Comprehensive Treatment of ADD/ADHD

Treatment for ADD/ADHD can consist of medications or behavioral therapy, or a combination of both. Treatment is individually customized to meet the needs of the patient. Studies have shown that medications and behavioral therapy are safe and effective and do more than just relieve the symptoms of ADD/ADHD, they improve the patient’s ability to follow rules as well as improve relationships with peers and parents.

Usually the most effective treatment approach is a multidisciplinary one, with multiple elements that work together and complement each other. These elements include:

  • Education about diagnosis and treatment
  • ADHD medication
  • Behavior therapy
  • School/teacher involvement
  • School/counselor involvement
  • Employer accommodations

Which are the different types of ADD/ADHD medications?
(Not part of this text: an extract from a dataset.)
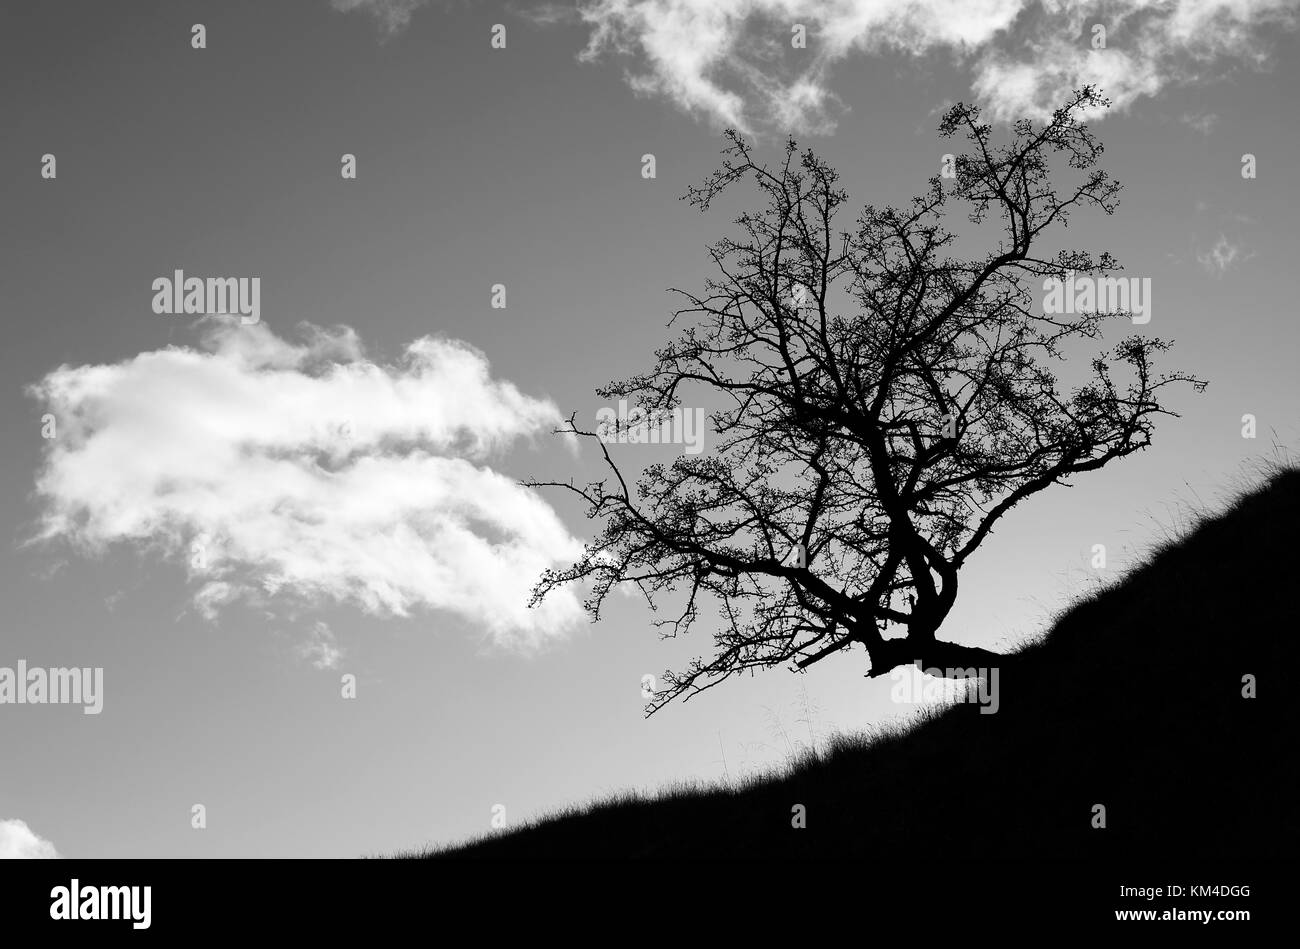 Weißdornbaum, Crataegus monogyna, auf einem Hügel, der eine dramatische Silhouette erzeugt, der anfängliche Effekt ist auf die Belichtung der Kamera für den helleren Hintergrund zurückzuführen Stockfoto
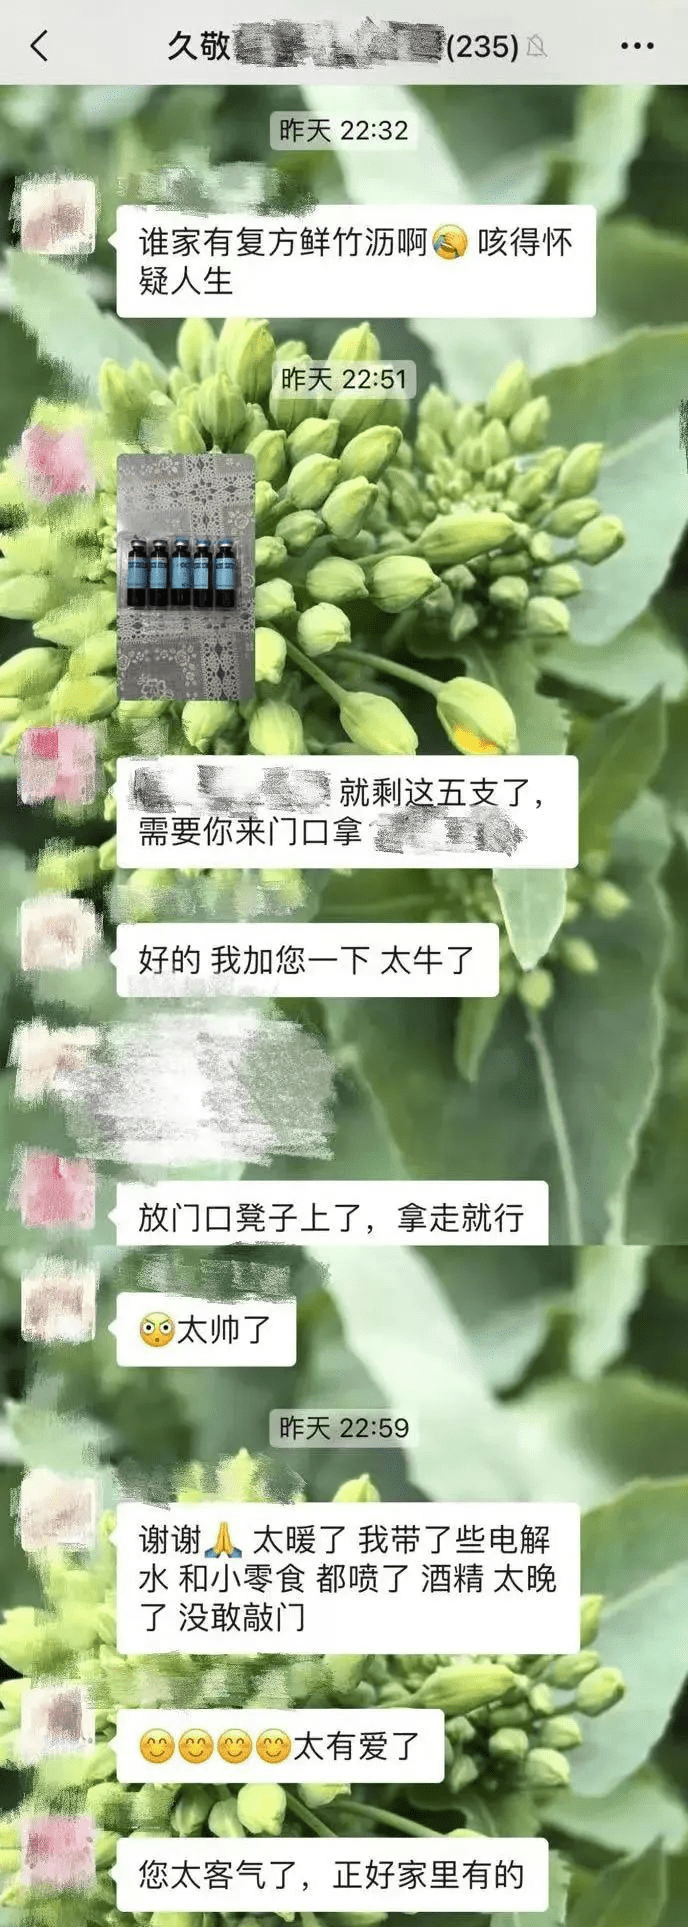 北京丰台：微信群成互助平台，富余药物邻里共享

Stimulants medications are the most common psychopharmacological treatments for ADD/ADHD. They include:

Methylphenidates:
  • Ritalin
  • Metadate
  • Concerta
Amphetamines:
  • Dexedrine
  • Dextrostat
  • Adderall.

Also, a new drug called Vyvanse is another amphetamine that is reported to last longer and is less addictive than other medications.

Other FDA-approved drugs:

Nonstimulants:
  • Strattera
  • Intuniv

Note: Strattera affects levels of the brain chemical norepinephrine, which can help control ADD/ADHD symptoms. Intuniv affects certain brain receptors in the brain to improve concentration and impulsivity. Both of these medications have a lower risk of abuse and dependency than stimulants.

Antidepressants:
  • Wellbutrin
  • Effexor
  • Effexor XR

Note: Antidepressants can have a positive effect on three major components of ADD/ADHD: inattention, impulsivity, and hyperactivity. They are a good option for those who do not react well to stimulants. They increase the levels of norepinephrine and serotonin in the brain, and can improve mood and concentration in patients.

Tricyclic antidepressants:
  • Pamelor
  • Aventyl
  • Tofranil
  • Norpramin
  • Pertofrane
  • Wellbutrin

Note: These medications are somewhat inexpensive, but can cause some unpleasant side effects, such as dry mouth, constipation, or urinary problems.

SSRIs:
  • Lexapro
  • Zoloft
MAO inhibitors:
  • Nardil
  • Parnate

Note: These antidepressants are rarely used because of significant and sometimes dangerous side effects. They can interact dangerously with foods and other medications but may be beneficial for patients for whom other medications have failed.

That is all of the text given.